The following is/are the supplementary data related to this article:

Discussion

Whereas most primary iris cysts are small, stable, and asymptomatic, secondary iris cysts (i.e., those arising from prior ocular trauma) may progressively enlarge resulting in possible complications including angle closure glaucoma and corneal endothelial decompensation., Various treatments have been described, including surgical iridectomy and injection of absolute alcohol into the cyst lumen.4, 5, 6 However, there is no standard protocol for the management of corneal edema in the setting of an existing iris cyst, and the above-mentioned techniques may be poorly suited for a combined procedure in which endothelial keratoplasty would also be planned. For example, injection of absolute alcohol may carry the risk of leakage/reflux into the surrounding anterior chamber with potential toxicity to the donor graft, and surgical iridectomy may render DMEK unfolding (already technically challenging) especially problematic.

The use of photocoagulation to treat iris cysts via argon, Nd:YAG, and ab externo/endoscopic diode lasers has been previously reported.,7, 8, 9 Compared to en bloc cyst excision, photocoagulation to the cyst wall may be relatively tissue sparing and be less dependent on surgeon skill.

Supplementing diode laser with vitrectomy probe removal of the anterior cyst wall may further reduce the risk of cyst recurrence.
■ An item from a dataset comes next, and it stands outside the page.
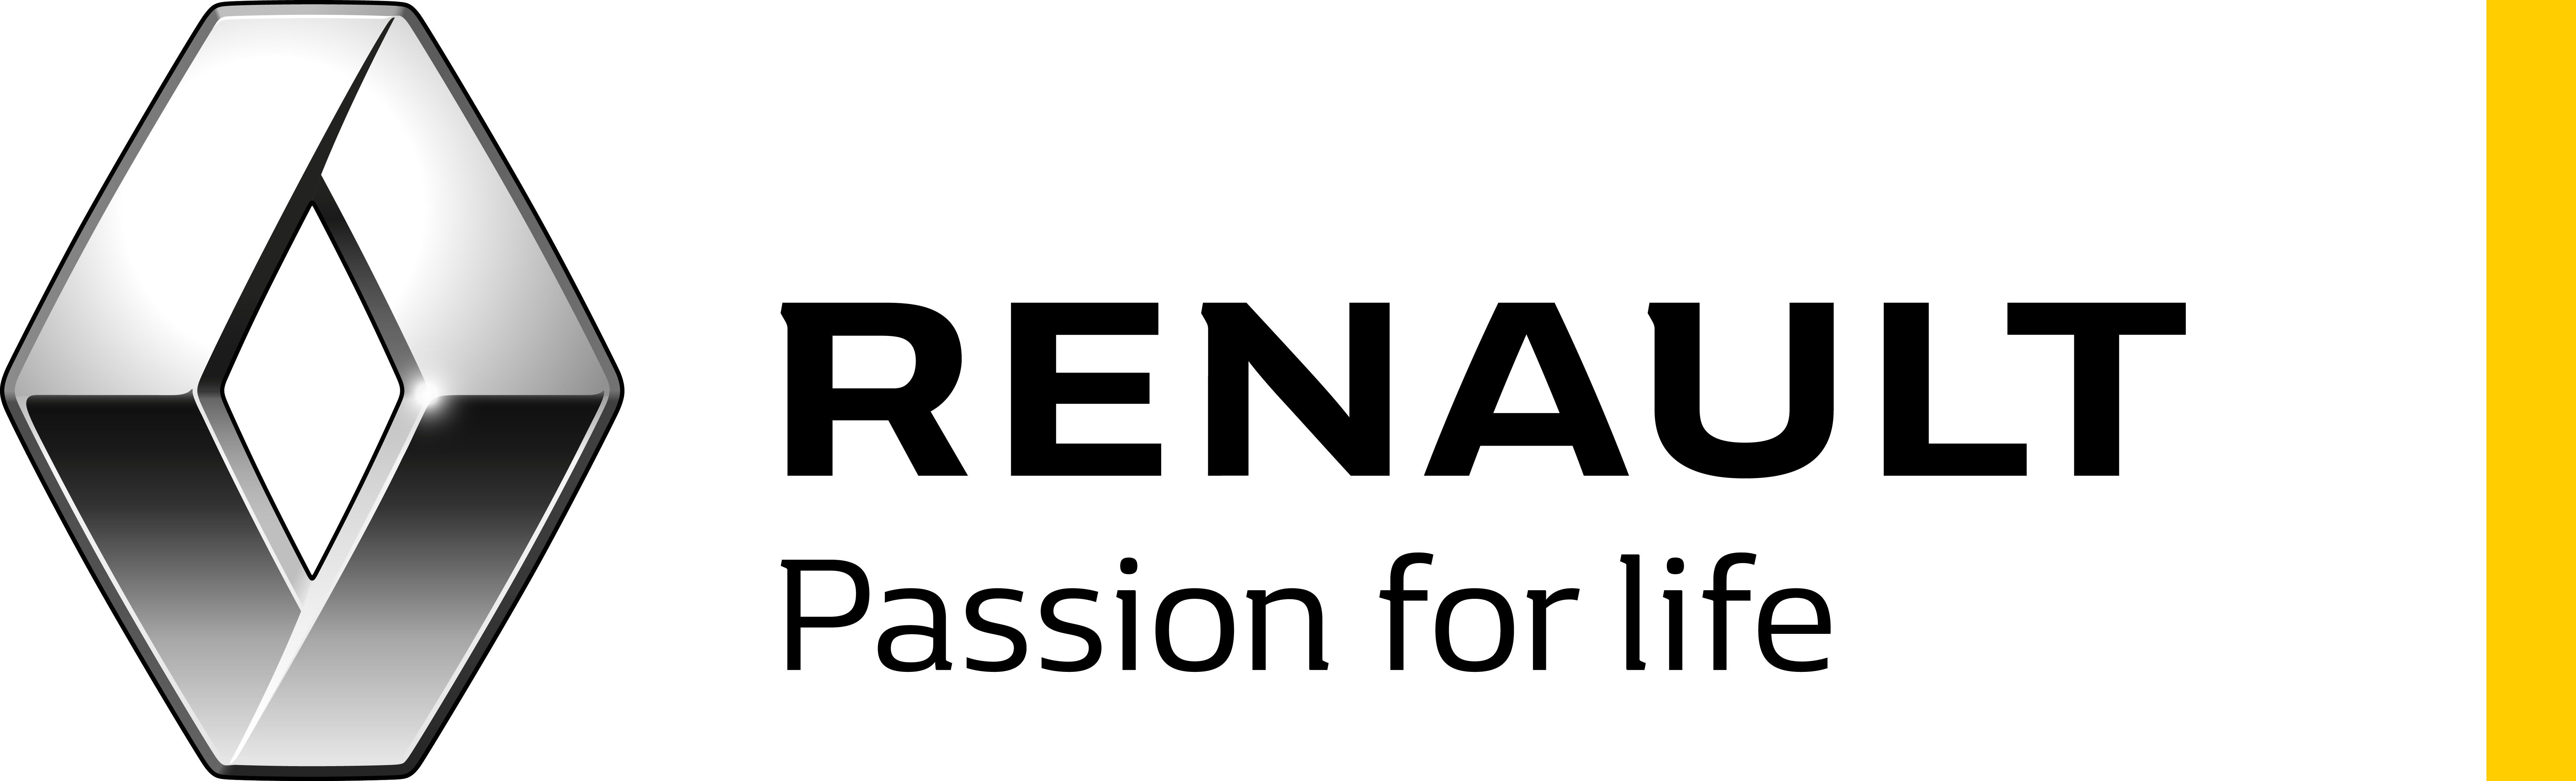 Renault Logo - File:RENAULT LOGO.png - Wikimedia Commons

In addition, these treatments may pair well with combined DMEK surgery, permitting the patient's cyst and corneal edema to be treated simultaneously.

Endophotocoagulation may occasionally be associated with significant postoperative inflammation, so, there was concern whether the donor DMEK graft would be affected. Fortunately, however, while mild anterior chamber reaction was observed in the immediate postoperative period, the patient's inflammation could be adequately controlled via topical steroid therapy, with no apparent effect on the appearance or function of the donor membrane.

Conclusions

In conclusion, iris cysts may occasionally precipitate corneal decompensation. If so, both the iris cyst and the corneal edema may be treated via diode endolaser, vitrectomy probe cyst wall removal, and DMEK, performed together as a single-staged procedure.

Patient consent

Written consent to publish this case has not been obtained. This report does not contain any personal identifying information.

Authorship

All authors attest that they meet the current ICMJE criteria for Authorship.

Declaration of competing interestCOI

Jack Parker is a consultant for Glaukos and EyeVance. The following authors have no financial disclosures: SA, EK, DD, JP.